Exercise description - Below are records with pictures; copy word for word only the lines between the line with "Bergerac (France), 11/04/2024.- France's" and the line with "Heart Shaped Cluster", inclusive, and drop the pictures.
━━━ Input records ━━━
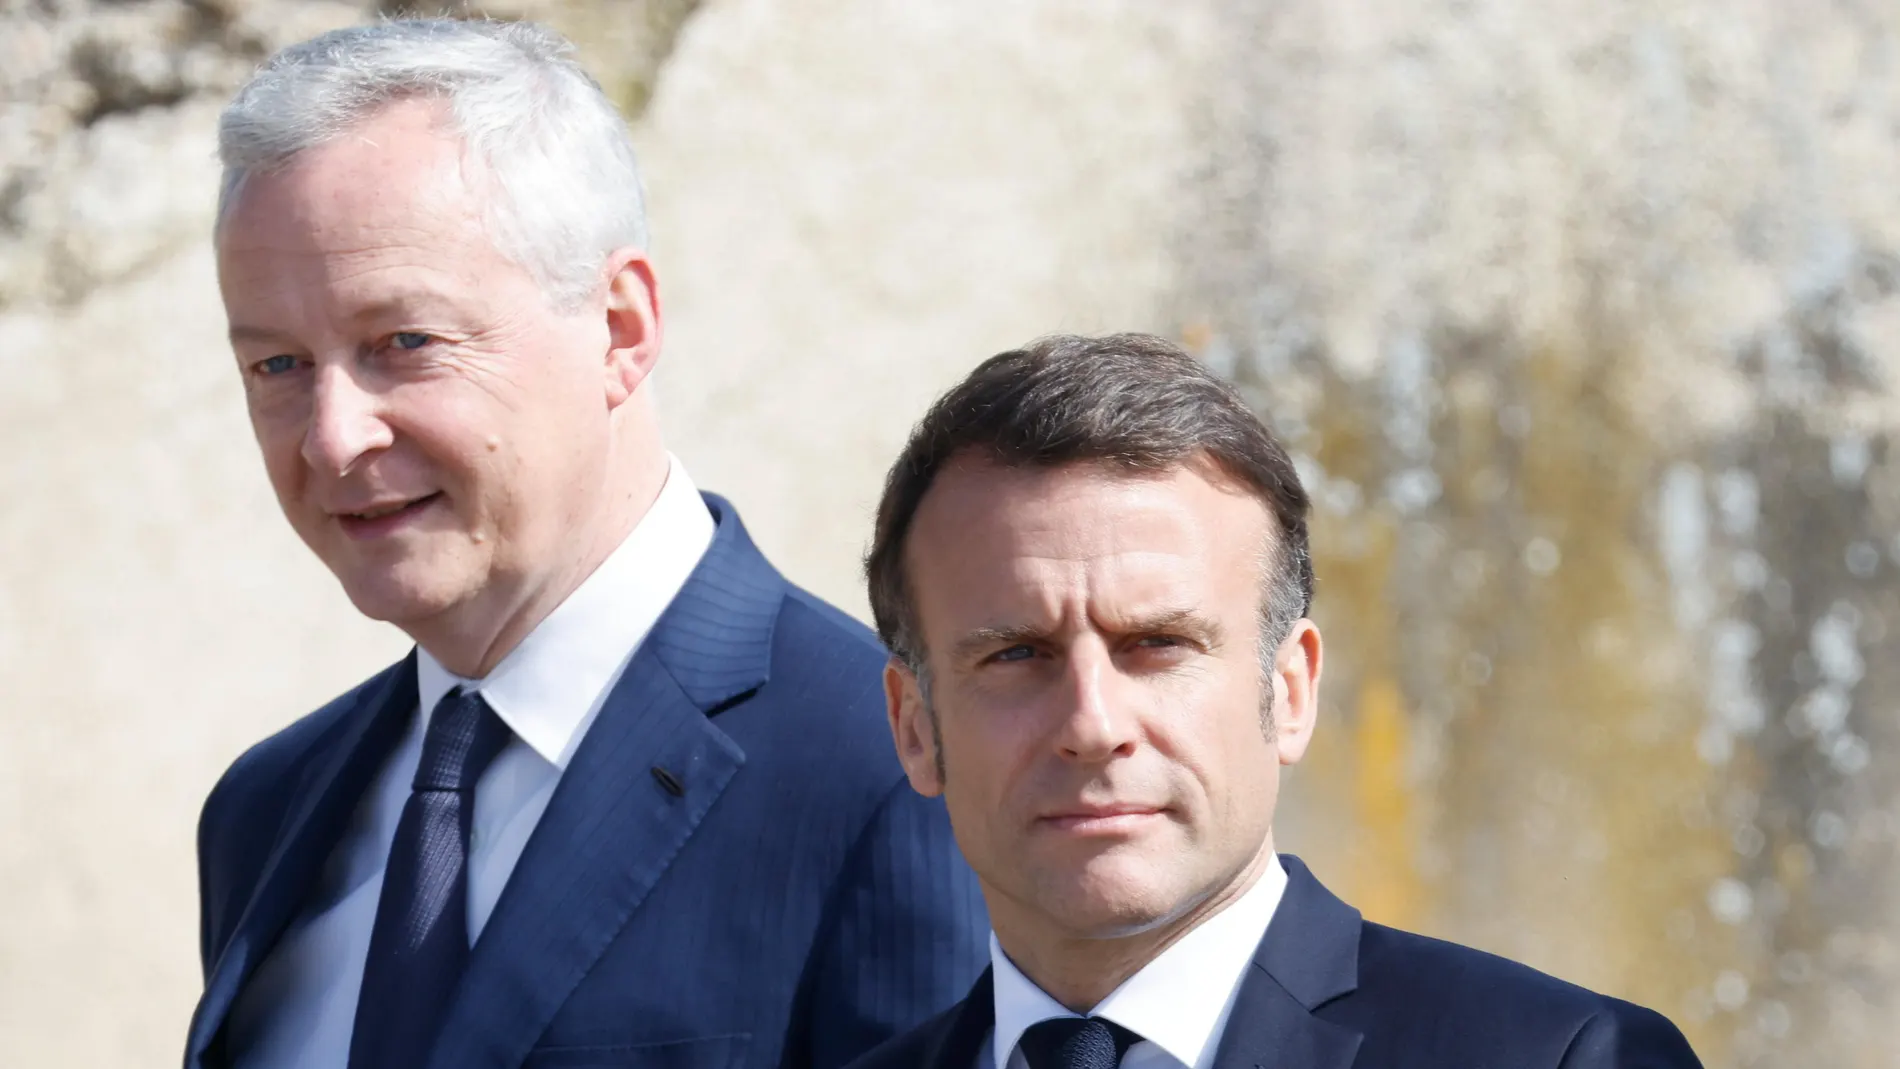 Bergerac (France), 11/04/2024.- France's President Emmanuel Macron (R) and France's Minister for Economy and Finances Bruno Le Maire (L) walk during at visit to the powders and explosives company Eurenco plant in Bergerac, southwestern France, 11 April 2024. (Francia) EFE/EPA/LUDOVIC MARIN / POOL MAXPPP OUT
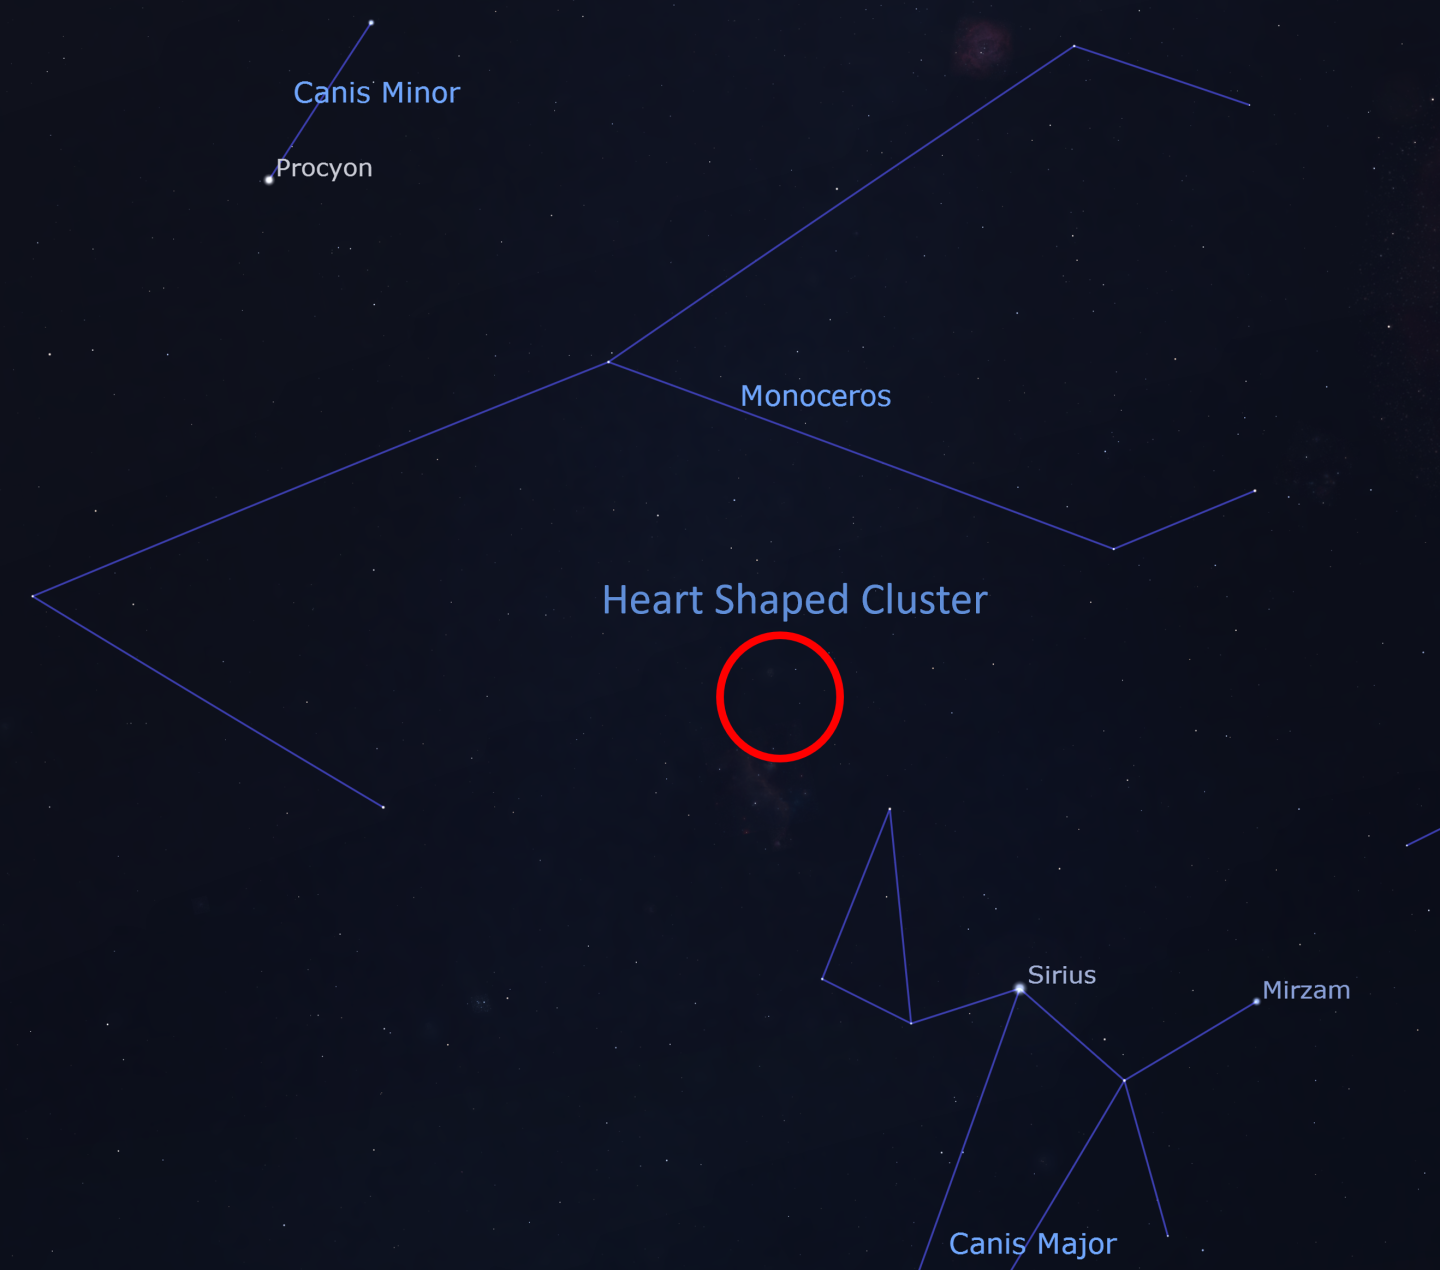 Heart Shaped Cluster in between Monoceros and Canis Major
━━━
━━━ Input records ━━━
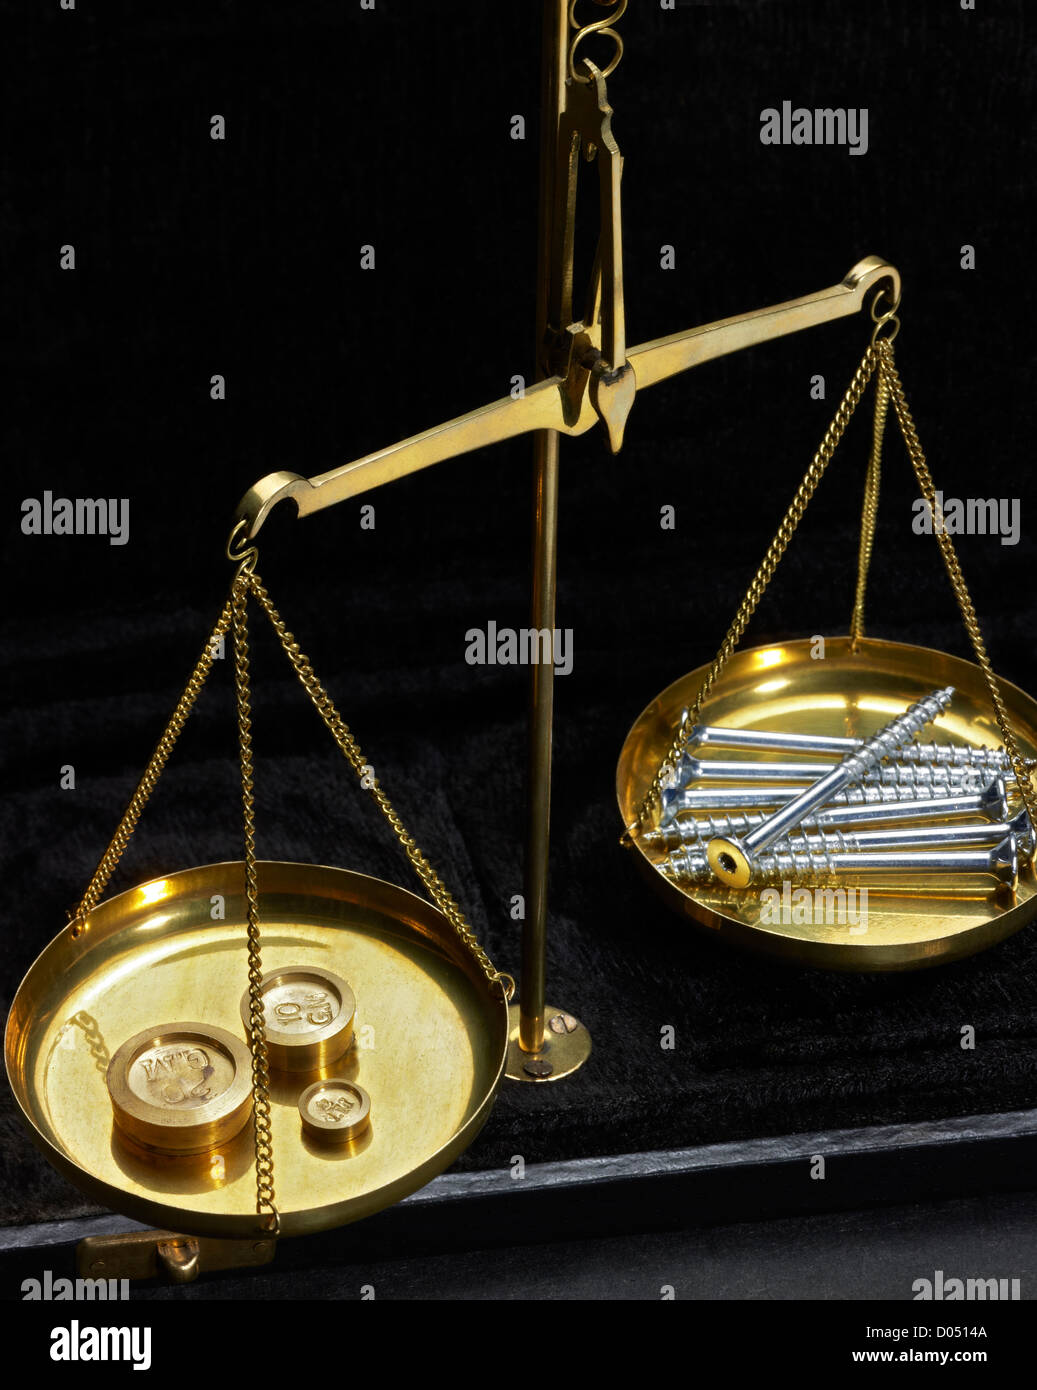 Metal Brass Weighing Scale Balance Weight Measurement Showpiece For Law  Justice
━━━
━━━ Input records ━━━
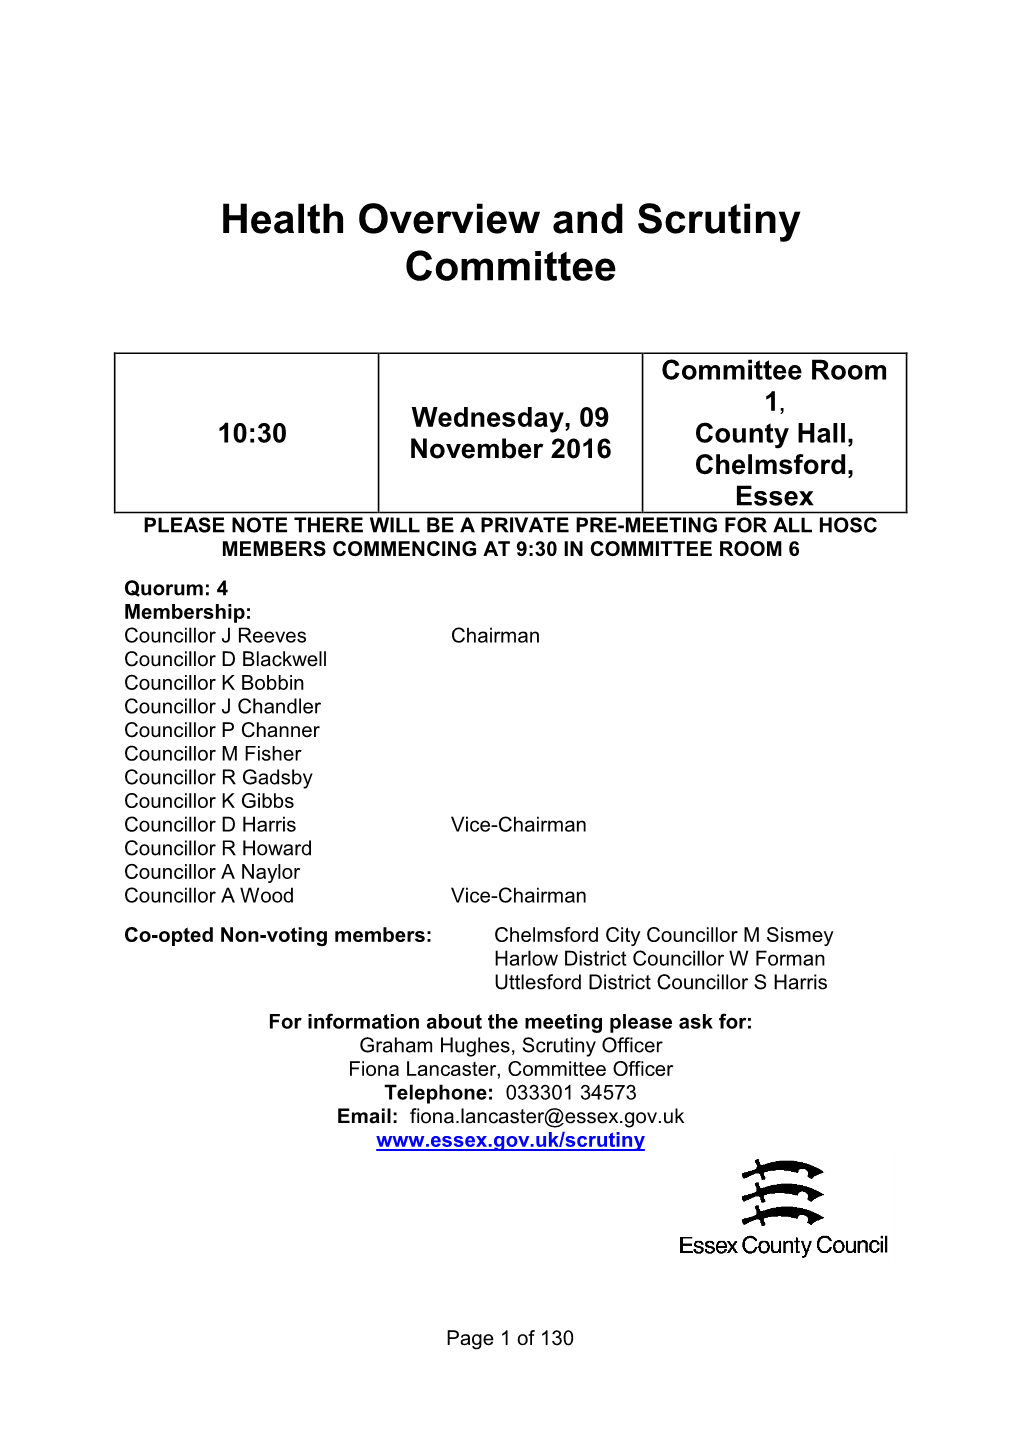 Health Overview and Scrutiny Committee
━━━
The completed task -
 Bergerac (France), 11/04/2024.- France's President Emmanuel Macron (R) and France's Minister for Economy and Finances Bruno Le Maire (L) walk during at visit to the powders and explosives company Eurenco plant in Bergerac, southwestern France, 11 April 2024. (Francia) EFE/EPA/LUDOVIC MARIN / POOL MAXPPP OUT
 Heart Shaped Cluster in between Monoceros and Canis Major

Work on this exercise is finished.